Saturday, July 9, 2011

Survival of the Fittest



Kerry Collins never made you feel quite comfortable enough for your liking as a sports fan. Certainly, he was built in every “safe” way an NFL quarterback can be built. Standing 6’5” and built with a cannon that had been groomed under one of the sacred cows of college football, Collins burst into the NFL after a single season of dominance at Penn State, taken with the fifth overall pick by the expansion Carolina Panthers. In two years, he led the Panthers to the NFC championship game on the strength of his stellar performance. In three years, his battle with alcoholism thrust him into public shame after an ugly racial joke made in a drunken state resulted in Collins being branded as a racist. In four years, he was benched and cut from the team after telling his coach that his heart wasn’t in the game anymore. After spiraling to the bottom of the castaway barrel in New Orleans, a drunk driving arrest should have been the end of a whirlwind career standing as a lesson in just how fragile everything around us is, and how we are often the engineers of destroying it all in a matter of moments.

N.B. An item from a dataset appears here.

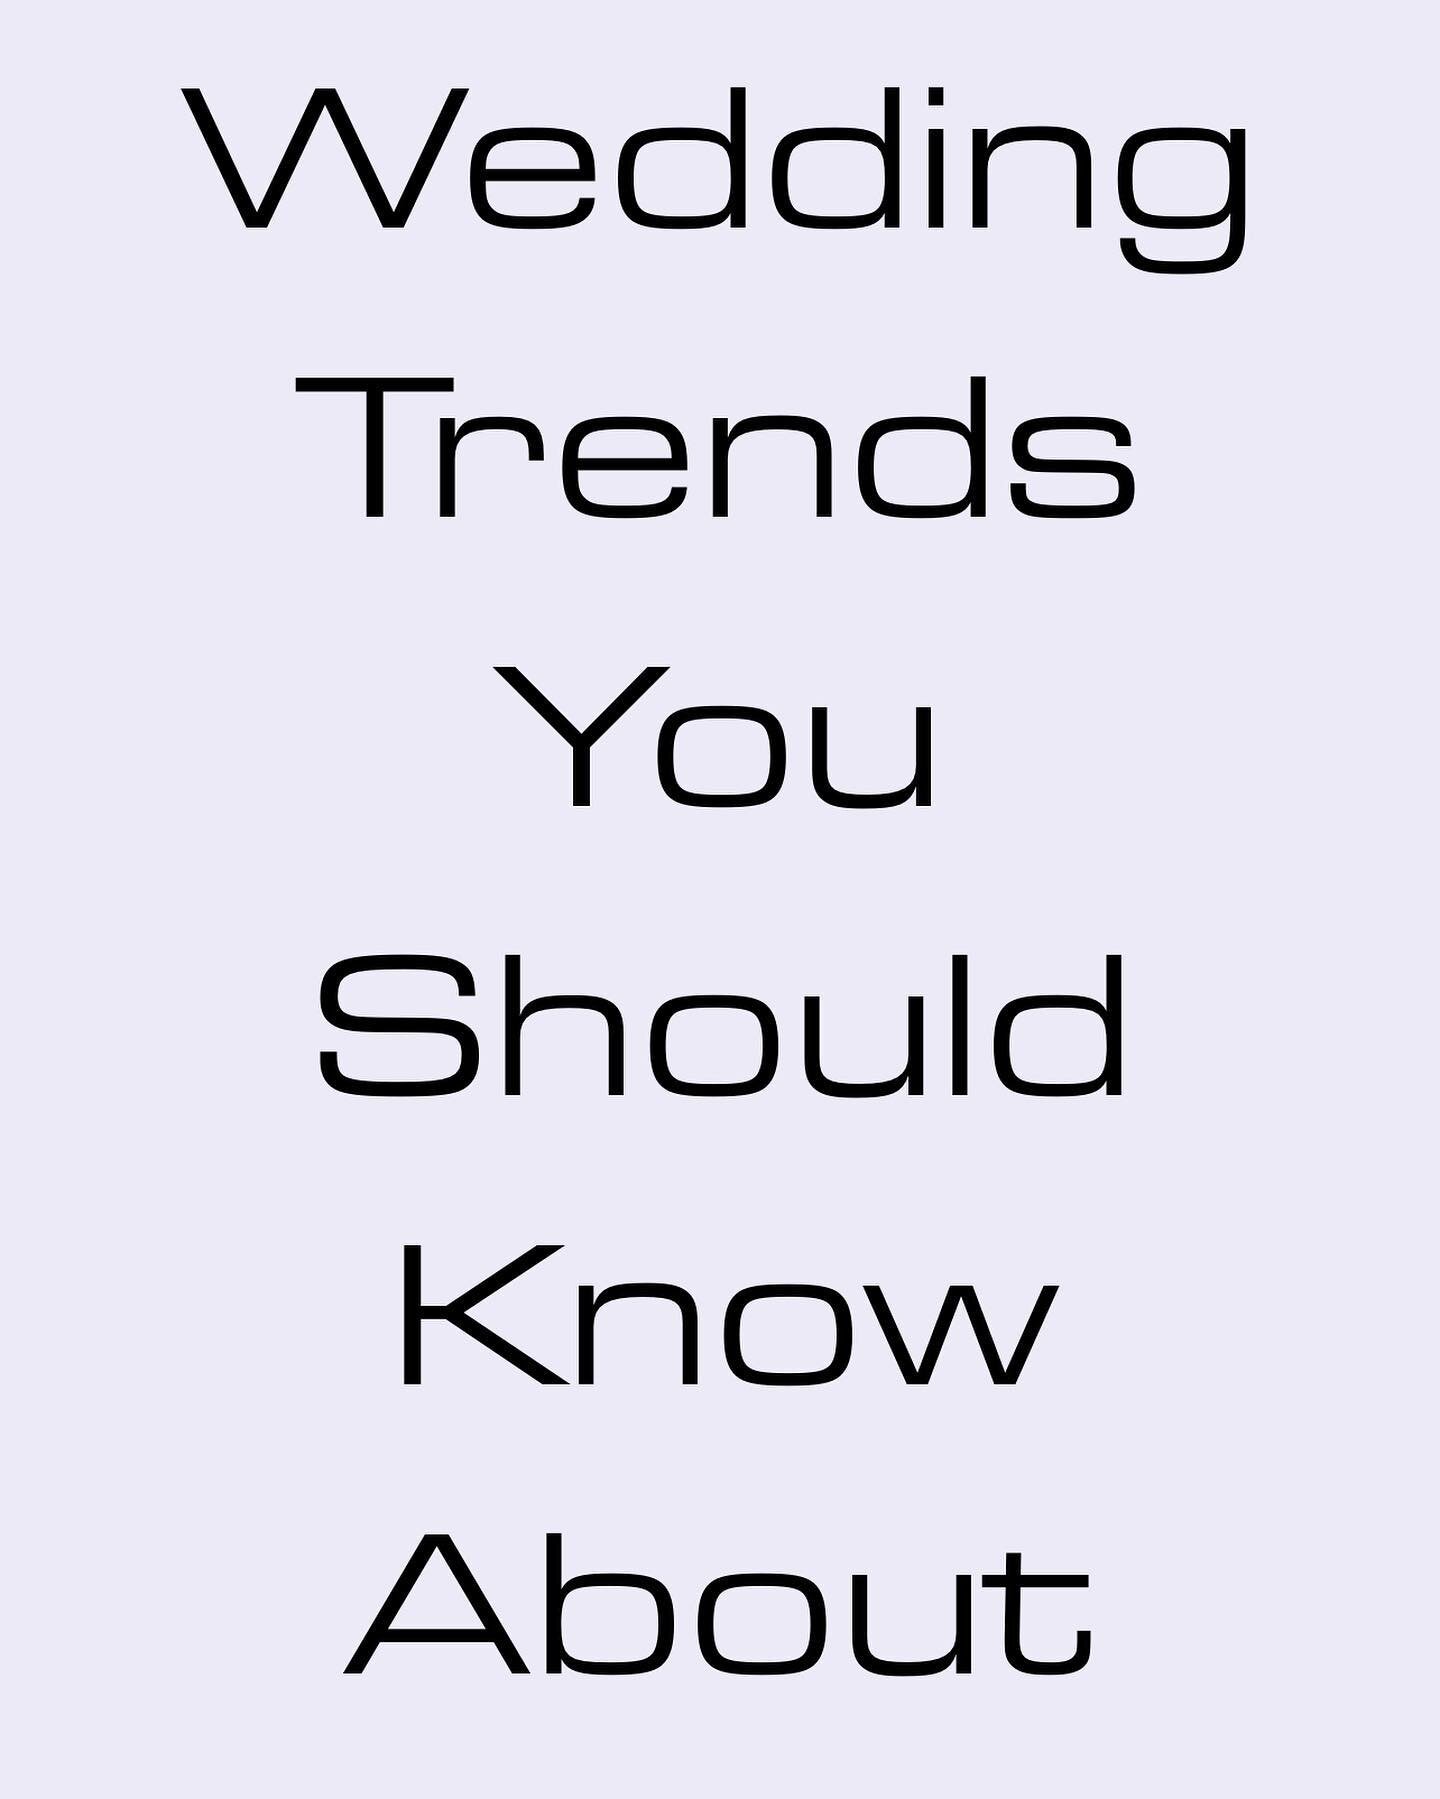 🚨🚨🚨Time for another blog!!! 🚨🚨🚨
Attention all brides-to-be! Say hello to the future of weddings with my latest blog post on 2023 wedding trends. From audio guest books on old fashioned looking phones to futuristic tech, discover the must-haves

That’s a good lesson, and an important one, but it’s less rare than what Collins wound up demonstrating. The next four years were, quite frankly, remarkable even before considering the success Collins achieved on the field. After the Giants took a flyer on Collins in 1999, Collins committed to spending the next four years in therapy. This would be admirable in the everyday working world; in the rigid psychological world of the NFL, where the admission of need or weakness is tantamount to admitting you are Not a Winner (“Not A Winner” is a trademarked property of the NFL media), it’s amazing. Over that time, Collins took the Giants to a Super Bowl, losing to the Ravens after an NFC Championship performance that showed Collins could demolish teams with his talents if given the chance. After a stint in Oakland, Collins drifted to Tennessee, where he once again seized an opportunity to lead that resulted in the Titans having the best record in the league. Over the last decade of Collins’s career, he climbed back to the peak of the NFL by believing that his personal demons and difficult circumstances couldn’t change who he was fundamentally: an unquestionably talented quarterback with a record that proved his ability.

I think we misunderstand how unbelievably difficult that must have been. Too often we look at the second or third chances a person is given and imagine that there is no real net gain for the individual involved, as if they simply return to a place they should have already been and deserve no credit for it. This is based on the fallacy that there are objective, static measurements for the success of a life. The reality, however, is that we make people into neat stories as quickly as possible, and in most cases people just accept them, or at least accept that this is how others will see them. In continuing to exist on his own terms, let alone succeed in the NFL, Kerry Collins earned our admiration. Quitter? Unquestionably defeated by a career of success with three different teams over 14 years. Racist? While there is no definite answer as to how Collins actually feels (the real danger of a label such as this), the idea that Collins would have 14 years of successful, positive relationships in a predominantly black league on five teams’ worth of players makes the accusation rings false. With each passing year, he buried the labels prematurely placed upon him instead of letting them bury him.

We don’t appreciate Collins because his career, despite its various peaks, isn’t marked by any fundamental changes in Collins’s style as a player. Throughout his career, he remained the same prototypical old school quarterback, changing only in terms of usage, not gameplay. Instead, what changed was Collins’s life off of the field. The four years of therapy stand out in particular as an example of a man who knew he needed to change how he approached life if he was going to be who he was at his core with any success. He recognized that if he just learned to survive long enough, his talent would win out, and so he set about the business of survival even when he was young enough that everyone could have expected him to try and change who he was as a player. In short, Collins proved that there is a value to just figuring out how to hang around long enough to be ready for the opportunities given to you. So while we may never look back on Collins’s career and think of any one shining moment of brilliance, there is a comforting glow that surrounds his entire body of work. It is the sense of a job well done, and one that should encourage all of us that if we just keep moving, figuring out what we need as people to remain who we are as professionals, becoming warriors of the mind, victory is never as impossible as it may seem.